Relazione 2019 sul fenomeno delle dipendenze nel Lazio Print

logo dipenLa rilevanza dei problemi correlati all’uso di droghe ed alcol, in termini di frequenza del fenomeno e di impatto sulla salute e sulla società, è ampiamente riconosciuta.

Nell’ambito delle strategie di prevenzione e controllo dell’epidemia da COVID-19 si rende necessaria la massima attenzione nei confronti dei consumatori di sostanze stupefacenti che, per la presenza di altre comoborbidità sono a maggior rischio di evoluzione grave, se colpiti dalla malattia.

La descrizione e la lettura dei dati relativi all’anno 2019 riportati in questo rapporto costituiscono la condizione dell’utenza e dei servizi prima dell’epidemia e sono la base per la misura dell’impatto che questa avrà sugli utenti e sui servizi per le dipendenze, sia in termini di occorrenza nella popolazione che in termini organizzativi e strategici.

Sistema Informativo Regionale Dipendenze

Dal 1991 è il Dipartimento di Epidemiologia ha attivato, su mandato della Regione Lazio il Sistema Informativo Regionale Dipendenze, che permette di analizzare l’occorrenza del fenomeno della dipendenza sia in termini di domanda di trattamento, sia di intervento da parte dei servizi pubblici (Ser.D) e del privato sociale accreditato (Comunità Residenziali e Semiresidenzali).
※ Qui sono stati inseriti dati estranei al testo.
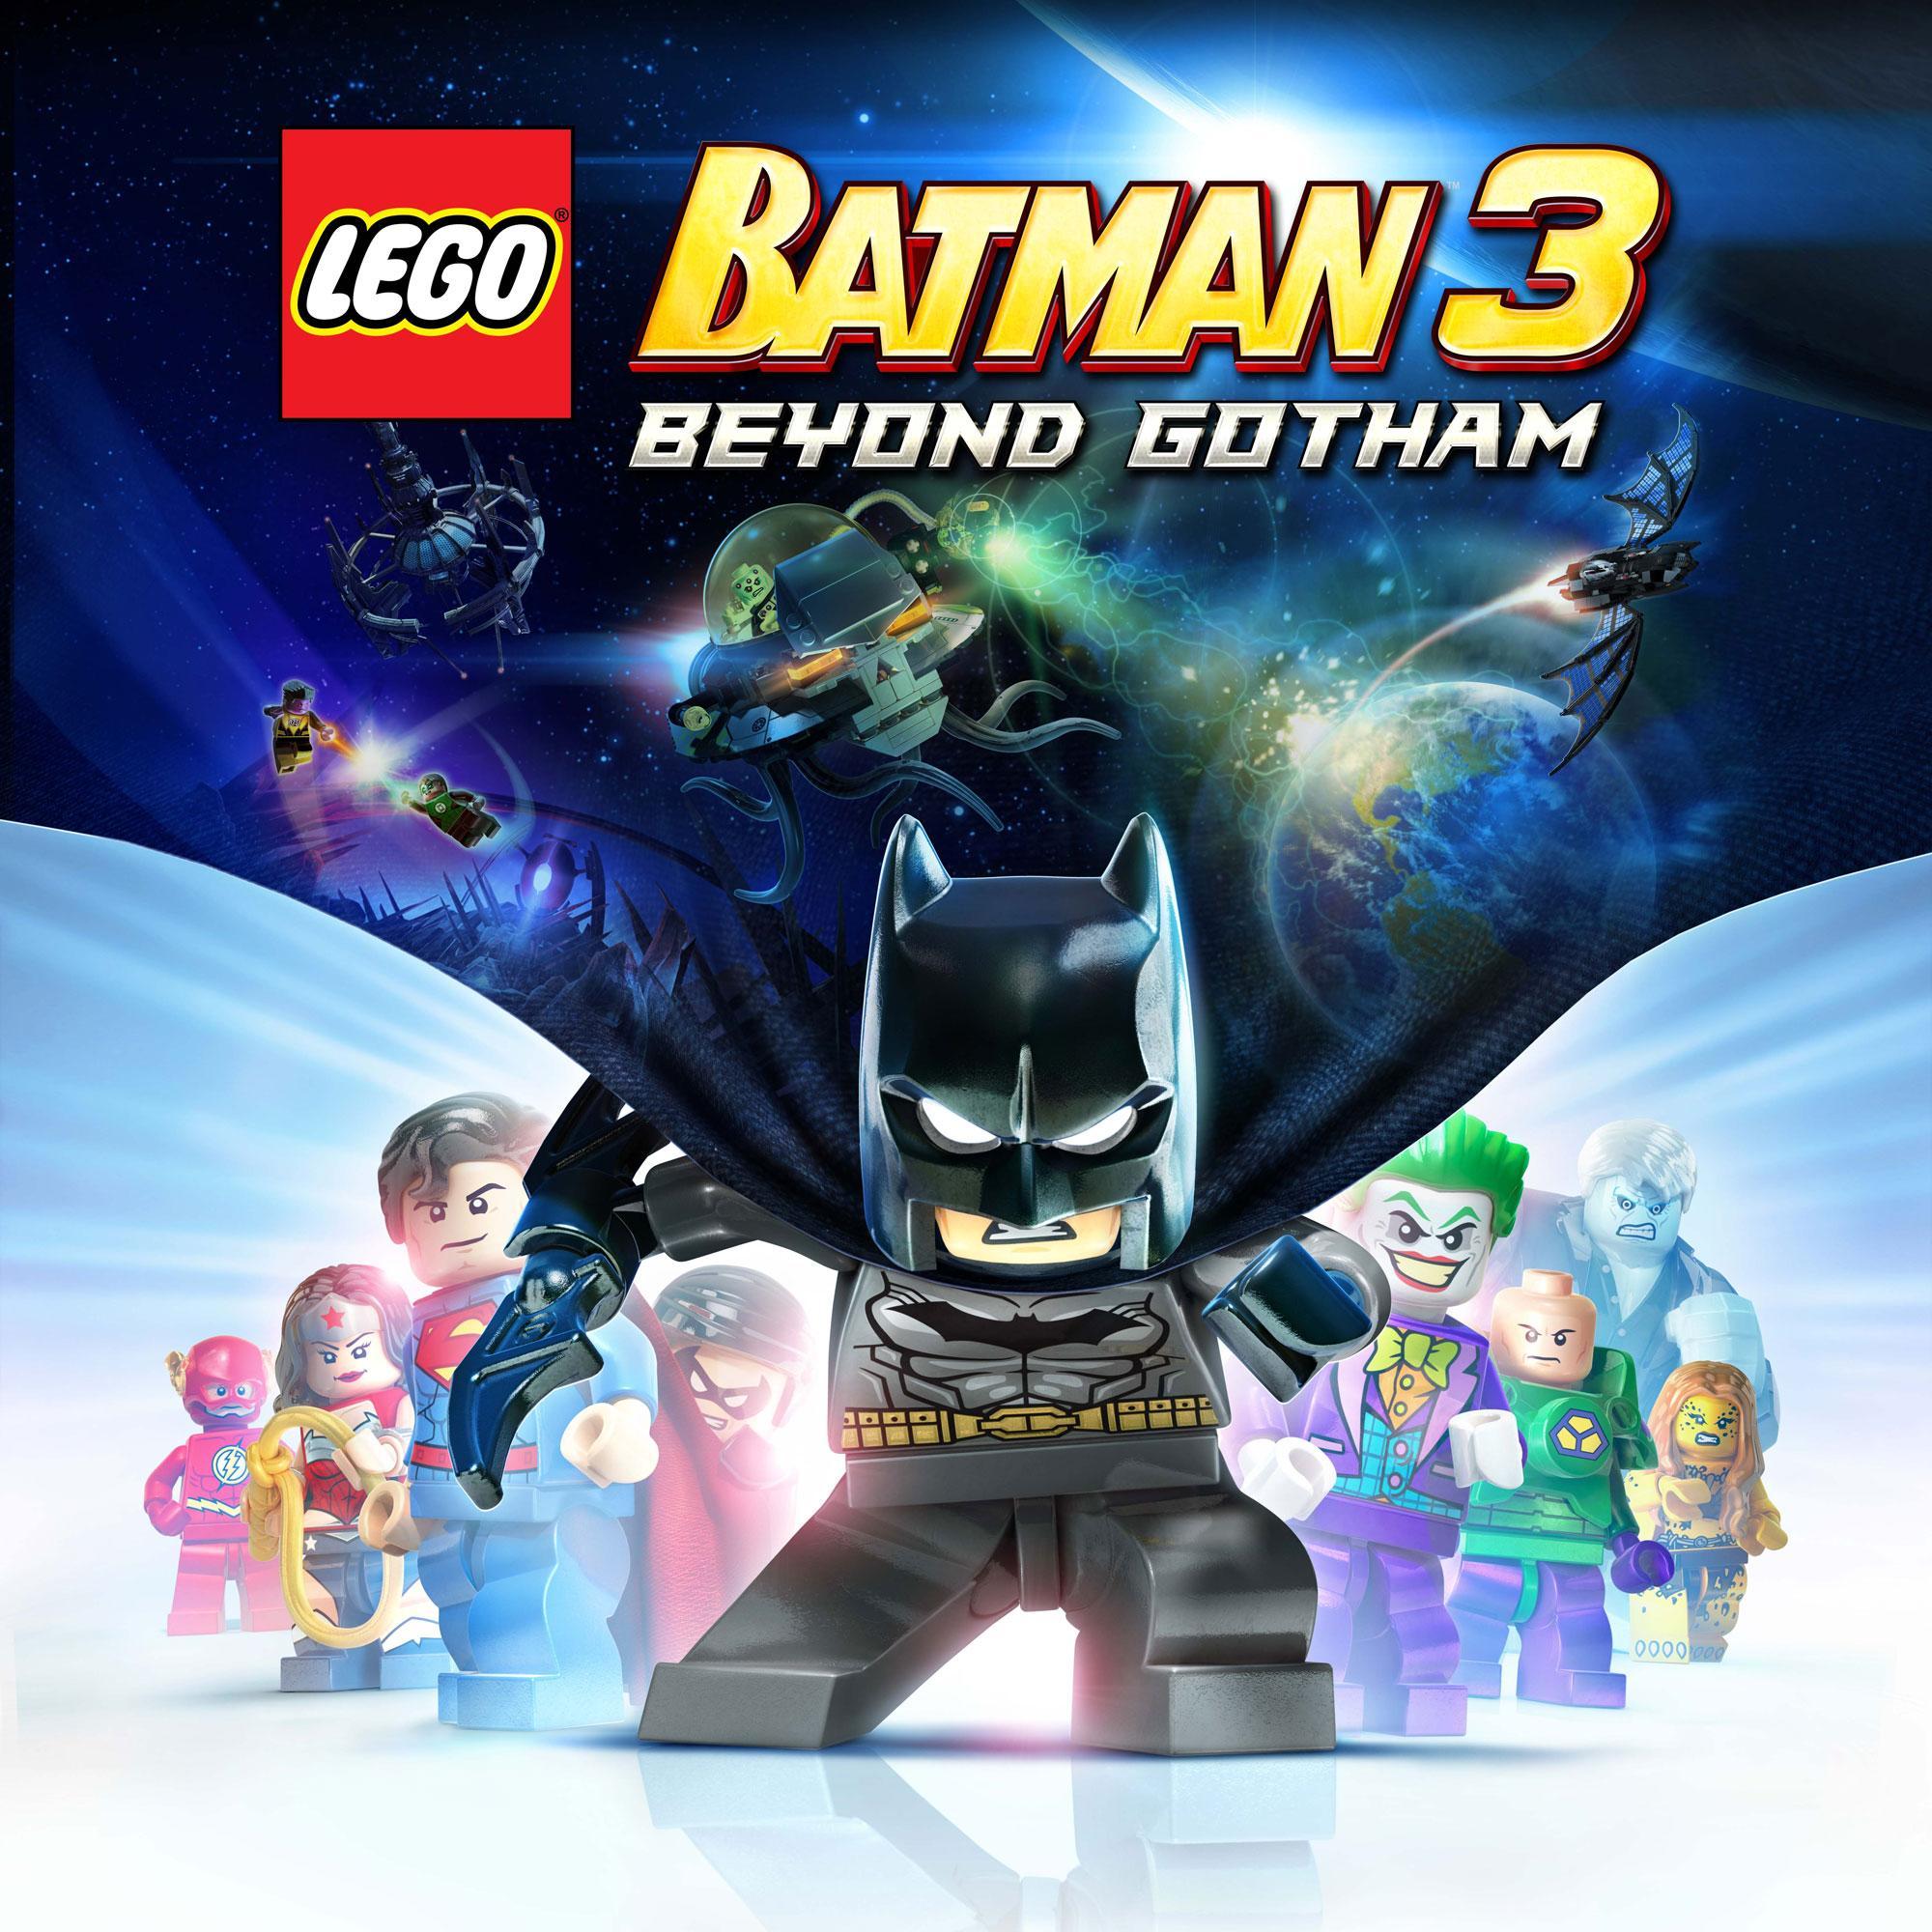 LEGO MARVEL /& DC Mini Figures Genuine 2019 Super Heroes Avengers Justice League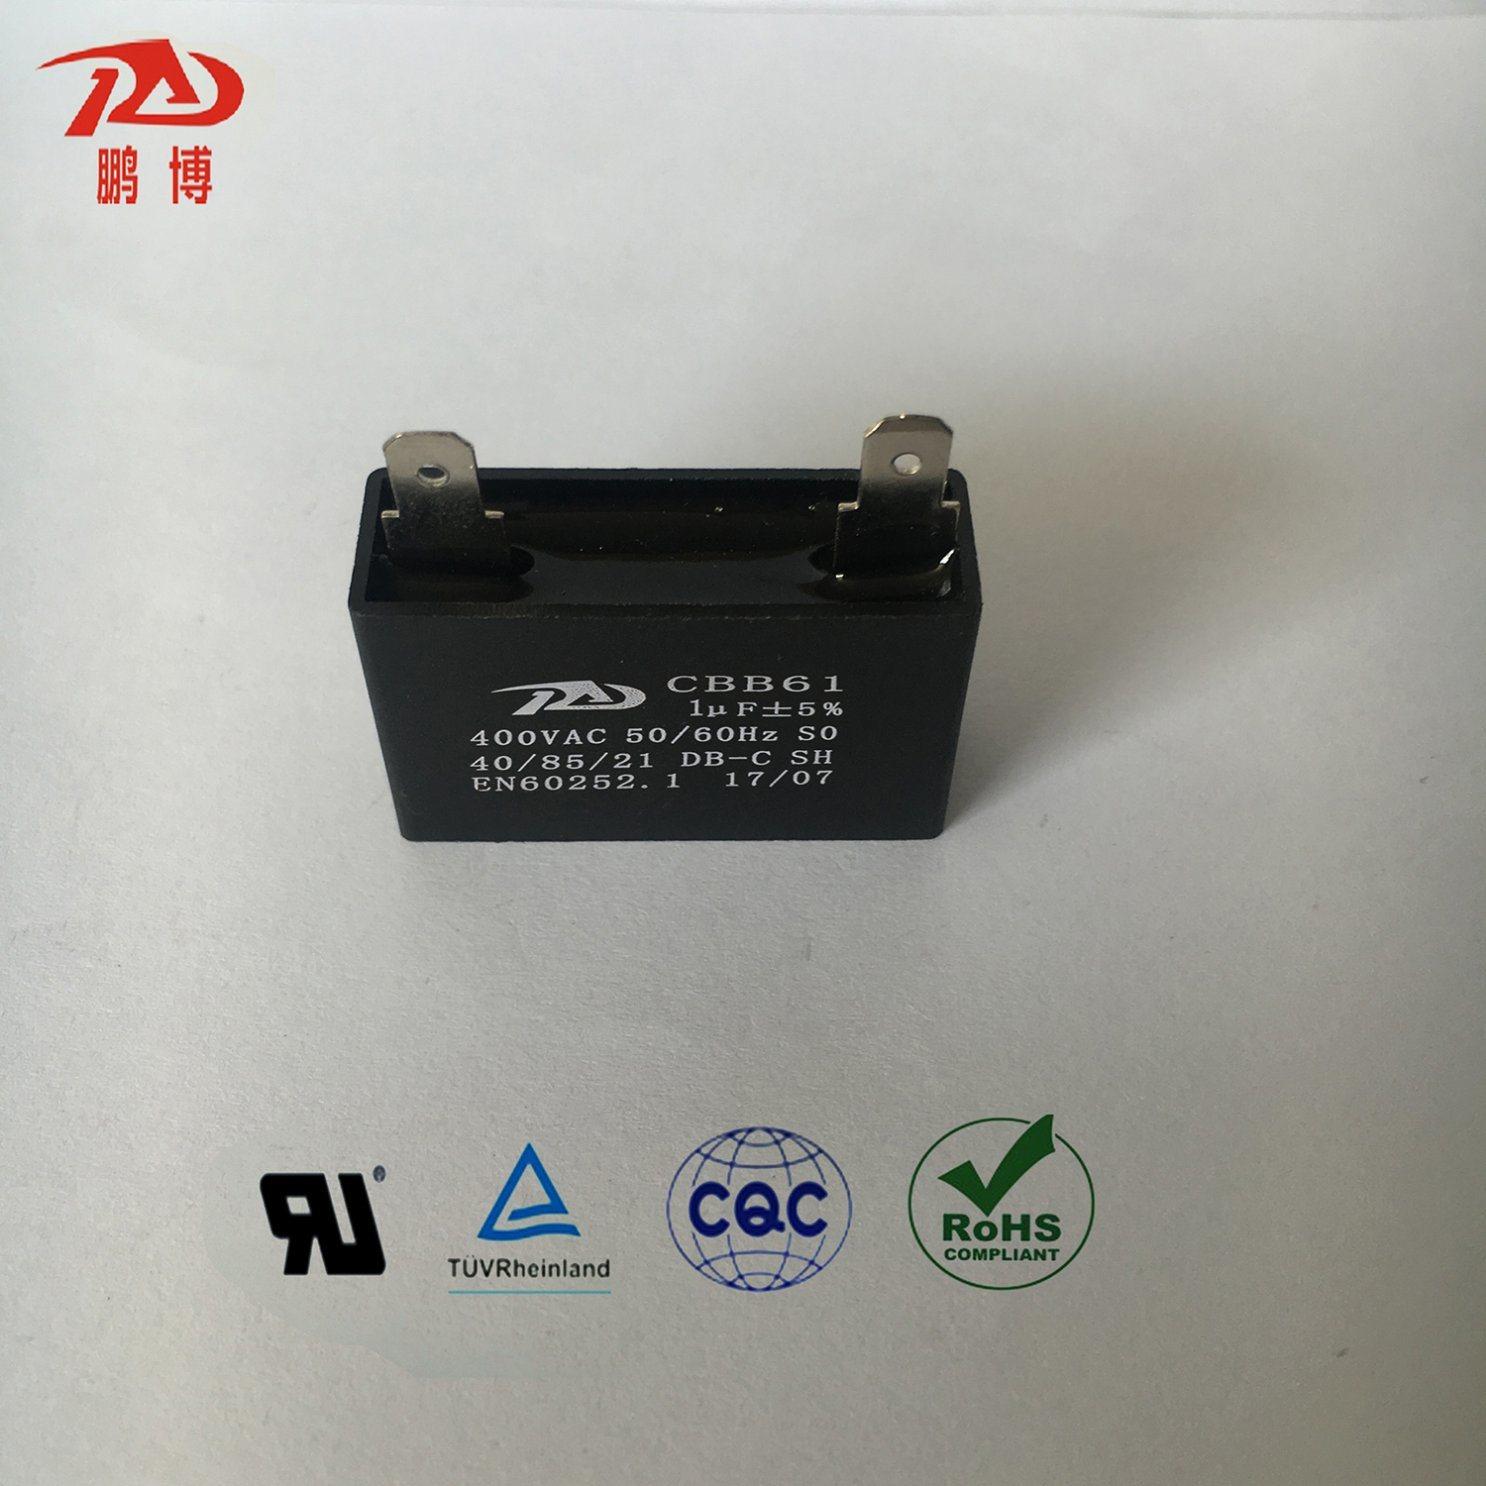 China Freezer Parts/Refrigerator- Cbb61 Wire Lead Cylinder Motor Run Sh  Capacitor (CBB61 1UF 400V) - China Cbb61, Freezers

Nel 2019 sono operanti nel Lazio 40 Servizi pubblici per le Dipendenze (Ser.D.), articolati in 52 sedi, di cui 43 sedi territoriali e 9 sedi carcerarie. Oltre ai Ser.D., operano nel Lazio 29 strutture del privato sociale che mettono a disposizione ogni giorno 681 posti accreditati per la cura e la riabilitazione delle dipendenze patologiche.

I dati raccolti pertanto rappresentano l’intero sistema dei servizi regionali accreditati per le dipendenze e possono essere utilizzati per fornire indicazioni utili per programmare interventi appropriati e adeguati (  https://www.sirdlazio.it/).

Allo stesso tempo possono essere utilizzati per le attività di audit previste dal programma P.Re.Val.E. 

Il Sistema Informativo risponde al flusso NSIS del Ministero della Salute (SIND)

In sintesi i dati raccolti nel report:

  • confermano il progressivo invecchiamento della popolazione in trattamento per uso di sostanze stupefacenti: l’età media di 34 anni, per quello che riguarda il primo ingresso per i trattamenti per uso di eroina e cocaina, è in linea con i dati europei (EMCDDA). Nel Lazio, inoltre, tra i casi incidentiaumenta sempre più il divario temporale tra il primo comportamento di uso/abuso e l’ingresso ai servizi di trattamento.

  • tra i nuovi utenti è maggiore il numero di casi in trattamento per abuso/dipendenza da cocaina (37%) rispetto a quelli per eroina (20 %).

  • diminuiscono anche per l’eroina gli assuntori per via iniettiva, indicando che i consumatori abbiano quindi più consapevolezza dei rischi correlati all’uso per via parenterale, sebbene si sia registrato un lieve aumento del numero di coloro che iniettano cocaina.

  • le persone in trattamento per alcol o disturbo da gioco d’azzardo (DGA) presentano caratteristiche peculiari, come la maggiore età media con differenze di genere, rispetto ai consumatori di sostanze psicotrope. Pur rappresentando solo il 4% della popolazione totale in trattamento per le dipendenze, il loro numero sta aumentando nel tempo.

  • l’uso problematico di più sostanze rende sempre più necessario un approccio mirato alla poli-dipendenza e non alla dipendenza da una singola sostanza.